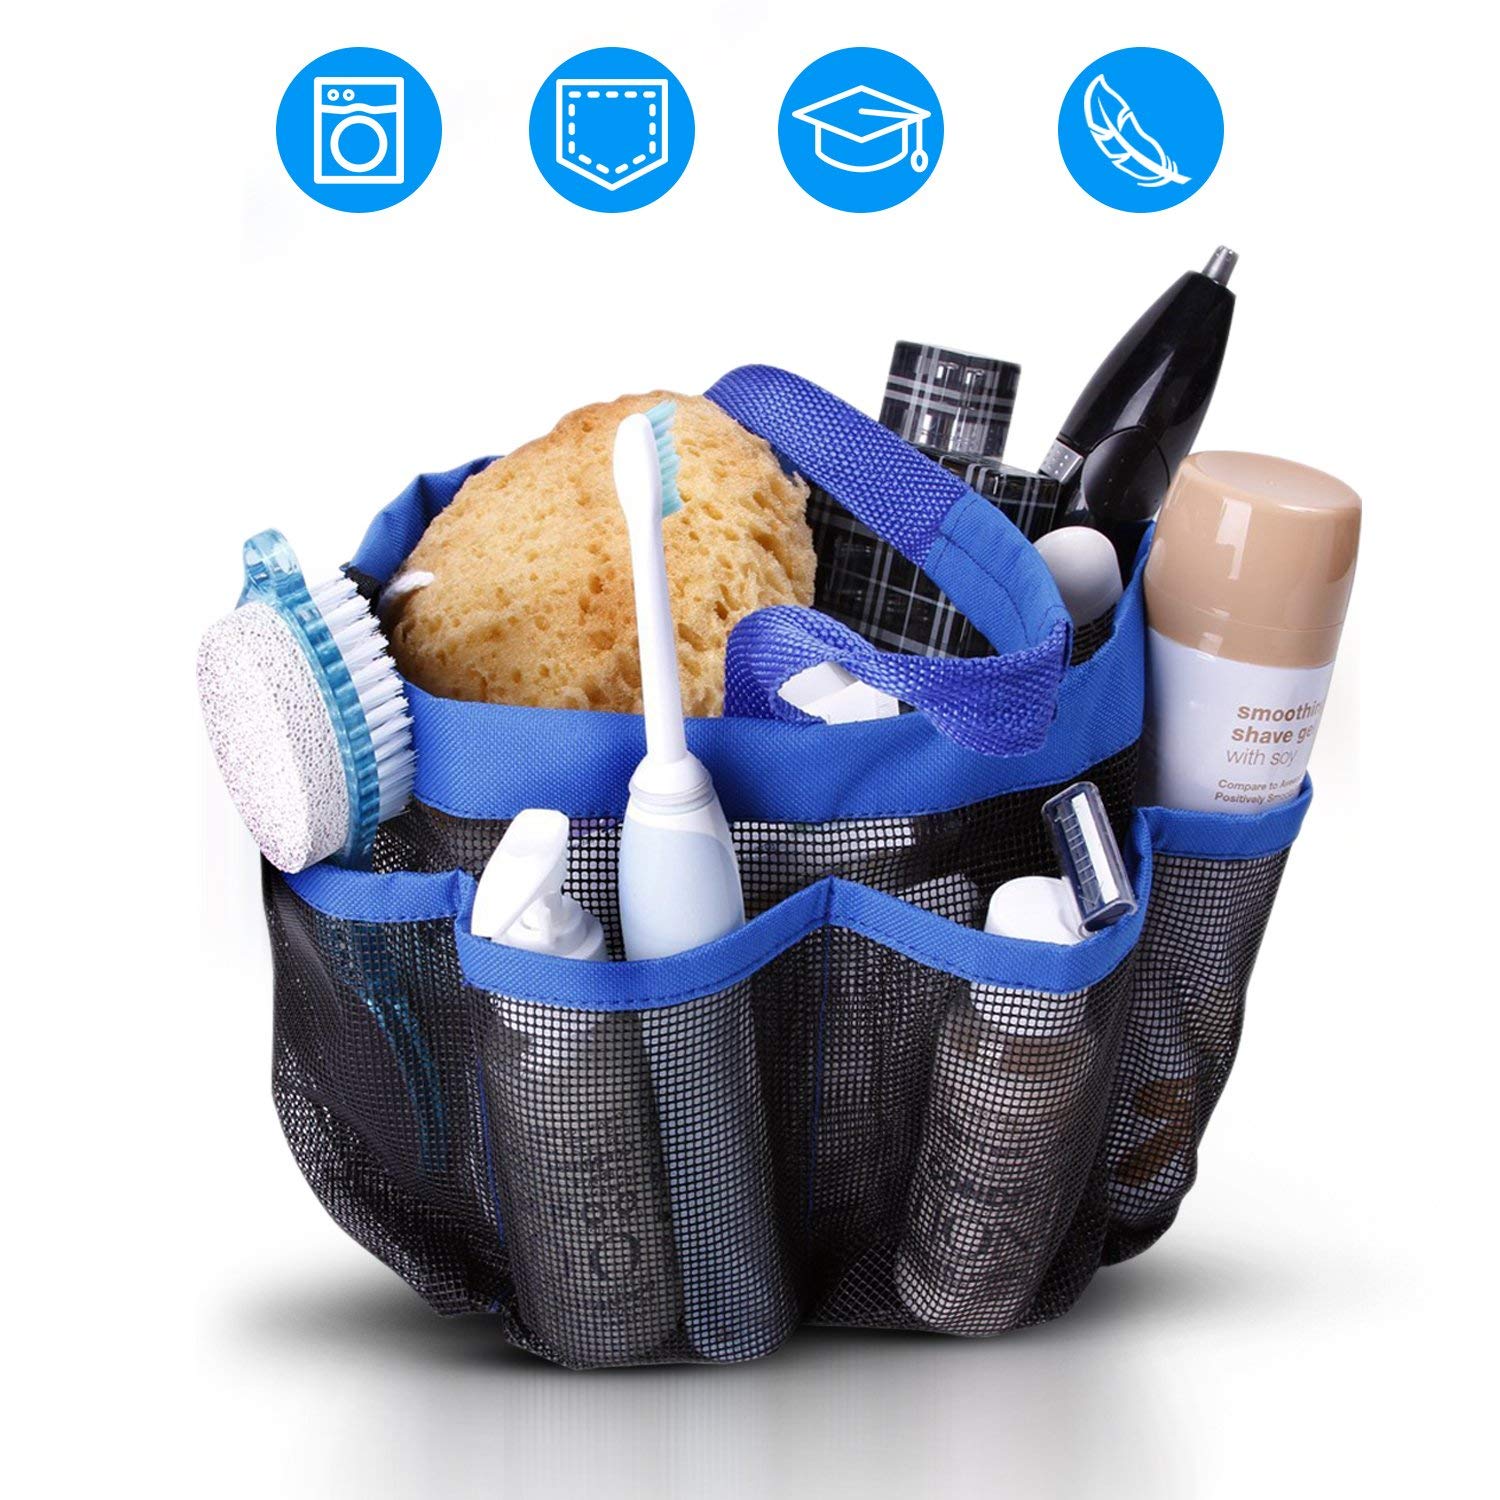 Mesh Shower Caddy Portable Tote - College Dorm Room Essentials Accessories Organizer Shower Bag for Bathroom, Gym, Travel - ebowsos
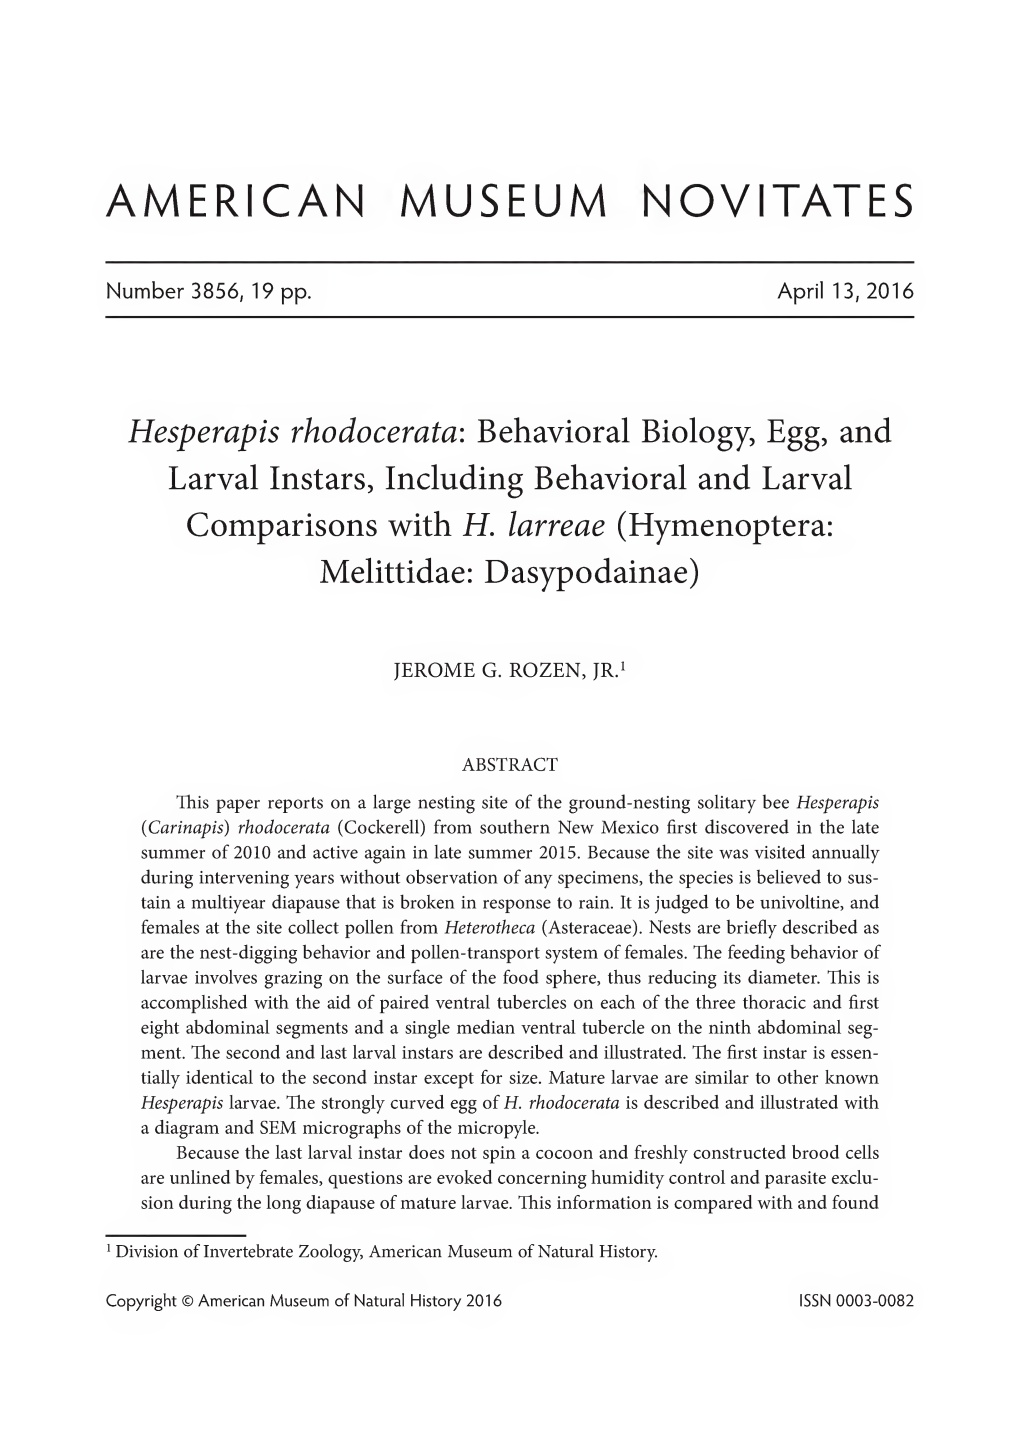 Hesperapis Rhodocerata : Behavioral Biology, Egg, and Larval Instars
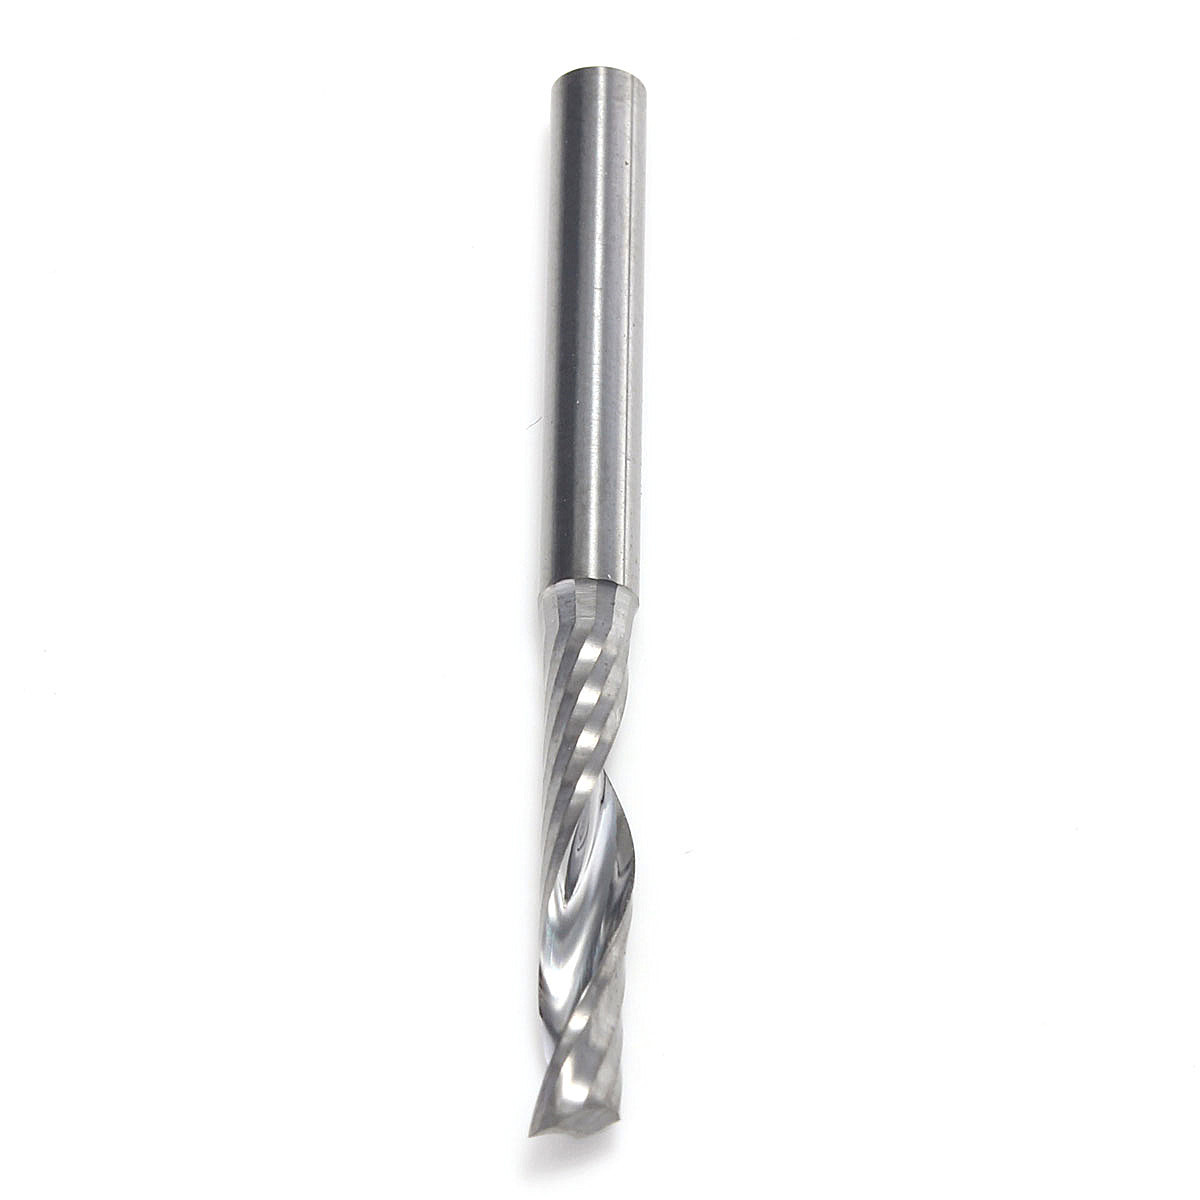 18-Inch-Shank-Single-Flute-End-Mill-Cutter-3175x17mm-Tungsten-Steel-CNC-Router-Bit-1038972-5
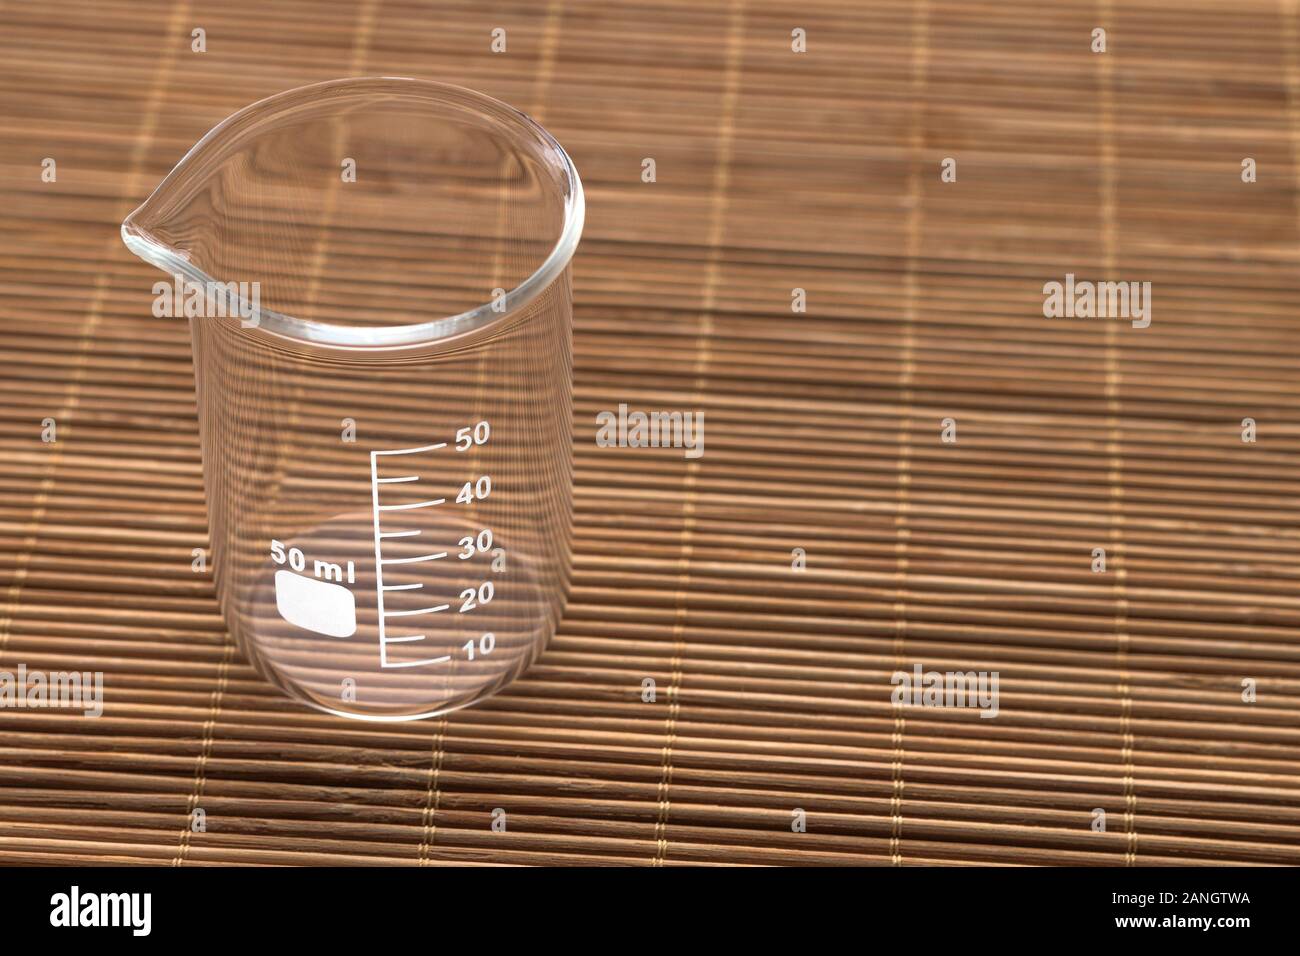 https://c8.alamy.com/comp/2ANGTWA/an-empty-glass-50-ml-beaker-on-a-wooden-surface-2ANGTWA.jpg
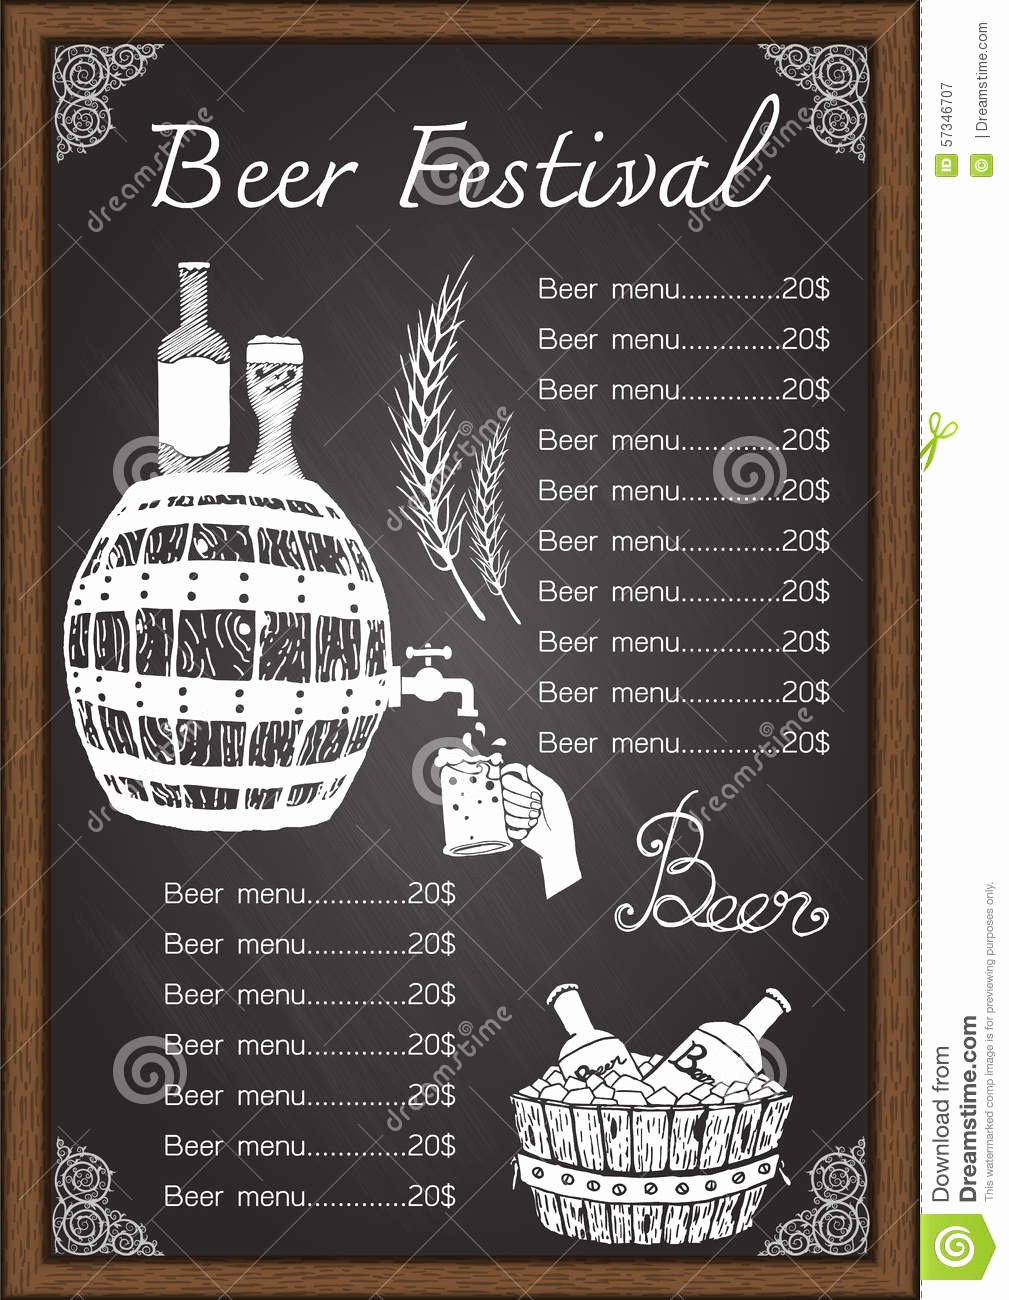 stock illustration beer menu drink menu chalkboard template image
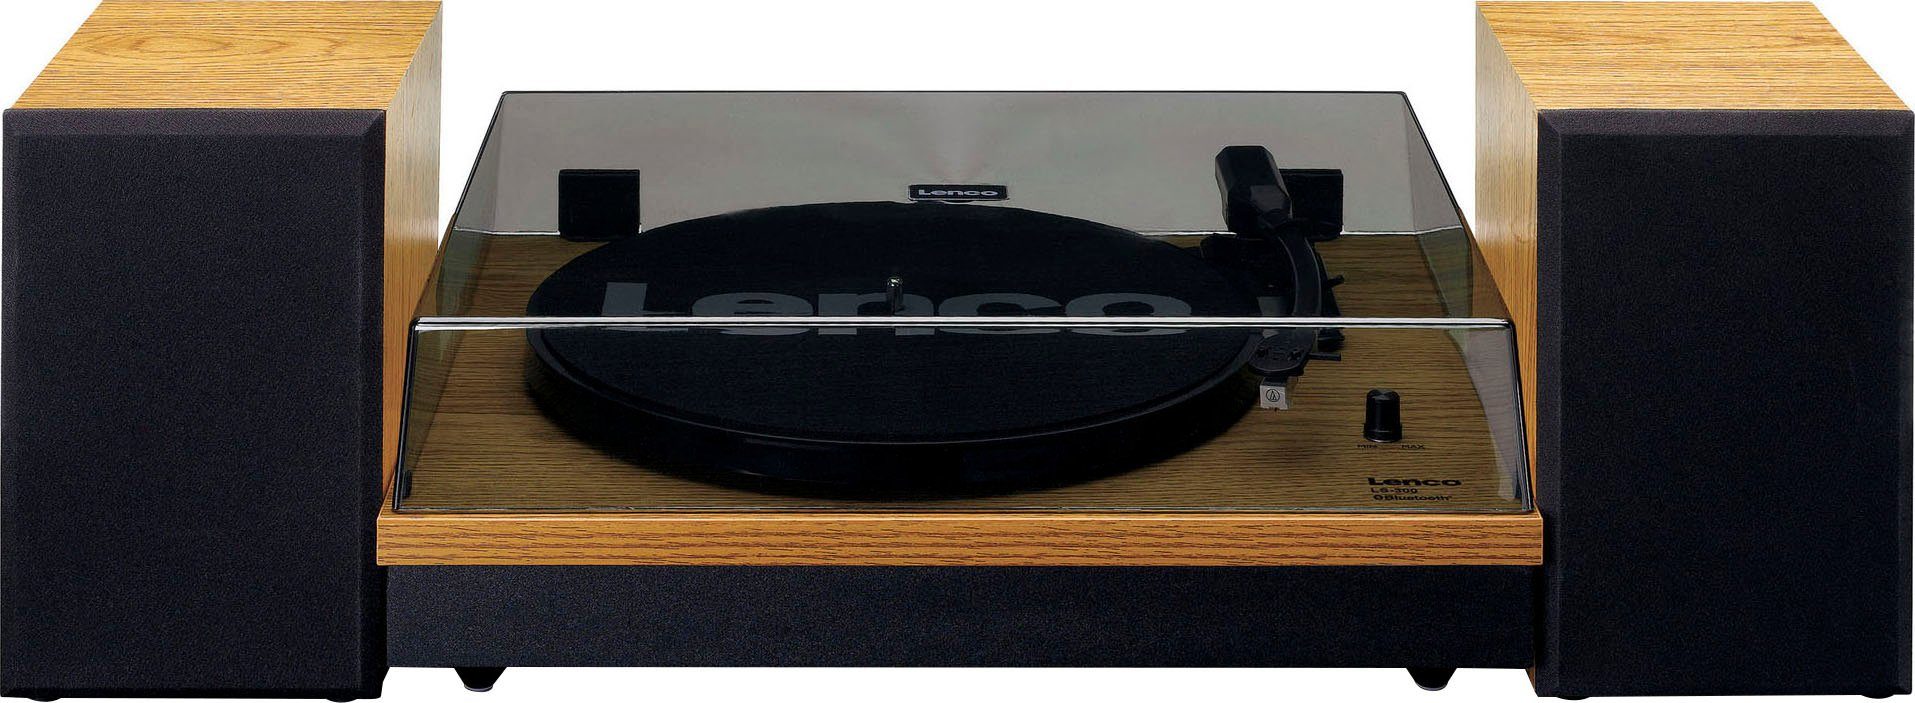 Plattenspieler ext. Holz Lautsprechern LS-300WD (Riemenantrieb) Plattenspieler mit Lenco

Requirement →
The last line of the entries marks the end, and the line with "Hesperapis Rhodocerata : Behavioral" marks the start. Output exactly those two lines and every line between them, nothing else, with the pictures left out.

Response for this exercise →
 Hesperapis Rhodocerata : Behavioral Biology, Egg, and Larval Instars
 18-Inch-Shank-Single-Flute-End-Mill-Cutter-3175x17mm-Tungsten-Steel-CNC-Router-Bit-1038972-5
 https://c8.alamy.com/comp/2ANGTWA/an-empty-glass-50-ml-beaker-on-a-wooden-surface-2ANGTWA.jpg
 stock illustration beer menu drink menu chalkboard template image
 Plattenspieler ext. Holz Lautsprechern LS-300WD (Riemenantrieb) Plattenspieler mit Lenco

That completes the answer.